I have mixed feelings about all of these live action remakes.  They seem to be... big-budget pretty, enjoyable, and easily forgettable.  The new story content doesn't have the same bang, and while the original stuff has this air of majesty, it's all nostalgia.

But then again, the original Lion King and Aladdin and Dumbo and Beauty and the Beast were masterpieces that hold up fairly well.  Snow White is so slow it's hard to watch nowadays.  Pinocchio was a flop even at the time.

I think maybe Mulan has probably the most room for growth as a live action remake, featuring a lot of battle scenes that could really make use of the visuals and room for plot edits that could be used to show off a beautiful Chinese culture.


----------



## Tom (Nov 26, 2018)

Reaver said:


> It's not so much about making money as it is dominating the global market. I'm sure that here in the U.S. the remake will flop but overseas it will probably make a ton of cash. Back to my point, look at everything Disney owns:  Pixar, Lucasfilm, Marvel, ABC, ESPN, Dreamworks, Touchstone Pictures, the list goes on and on.
> 
> You have to see Disney for it it really is:  An ageless, all-powerful, all-consuming beast who wants to  devour the entire universe.


All hail the Mouse.


----------



## Devor (Nov 26, 2018)

Reaver said:


> . . . . look at everything Disney owns:  Pixar, Lucasfilm, Marvel, ABC, ESPN, Dreamworks, Touchstone Pictures, the list goes on and on.



Touchstone is just a brand they use for movies a bit too mature for Disney (there's no touchstone entity), and they only have distribution rights for some Dreamworks non-animated films.  But they also own the Muppets (but not the rest of Jim Henson), A&E, and soon, 20th Century Fox, BlueSky Studios, Fox Broadcasting, and FX. I wonder if they'll keep the name 20th Century Fox, or use Touchstone, or Fox Touchstone.

Either way, Disney's live action arm has been repurposed towards these remakes and other clear Disney labels probably to make a distinction between the old arm and their new live action film arm from the Fox acquisition.  The Fox studio continues to make "heavier" one-off films, and the other hand focuses on the Disney brands.  But I hope they find their own brands, like Pirates of the Caribbean, and focus on making their own film brands better, instead of just remaking everything else.

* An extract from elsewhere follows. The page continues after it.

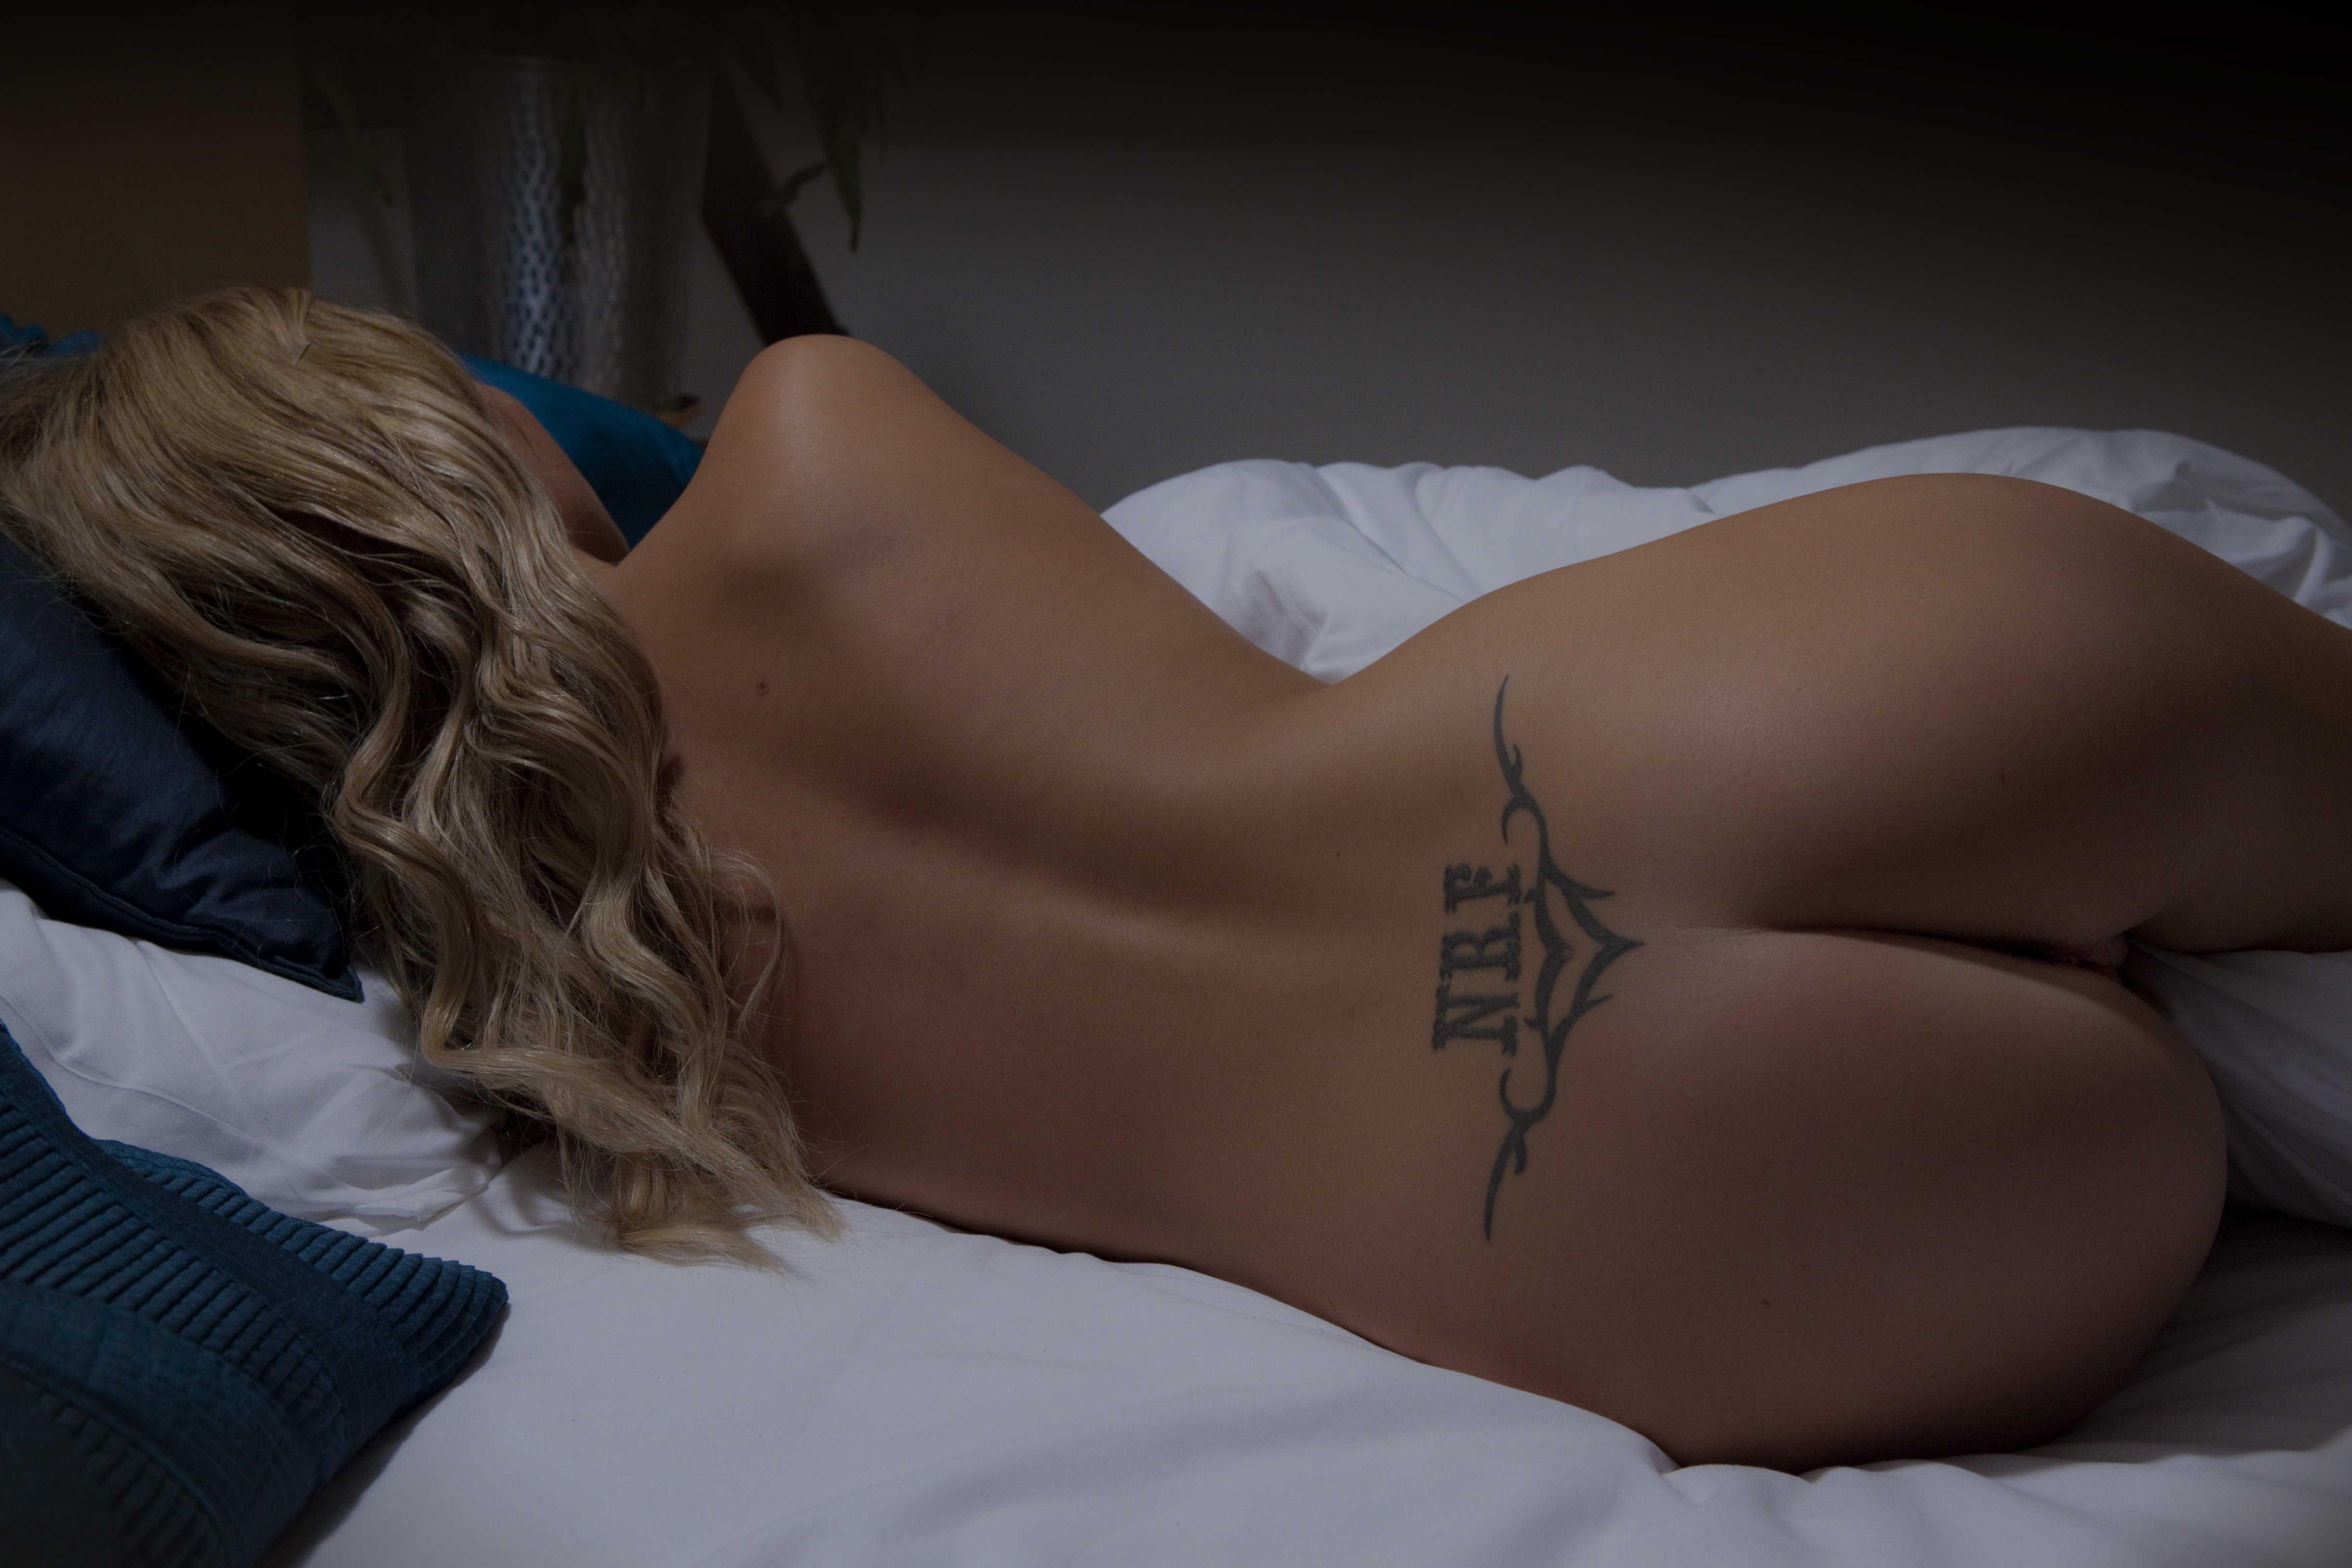 Wallpaper Tattoo, Ass, Bed, Pillow, Sleep, Blonde, Naked -9742

And I kind of hope they close up BlueSky or sell it off or something because there's only so much Ice Age I can take.


----------



## Svrtnsse (Nov 26, 2018)

Reaver said:


> You have to see Disney for it it really is: An ageless, all-powerful, all-consuming beast who wants to devour the entire universe.


I've got that t-shirt.


----------



## Ireth (Nov 26, 2018)

Iä, Iä! Mickey na'ftahgn!

In all seriousness tho, I agree that the live-action remakes are getting to be a bit much. You really can't improve on a classic.


----------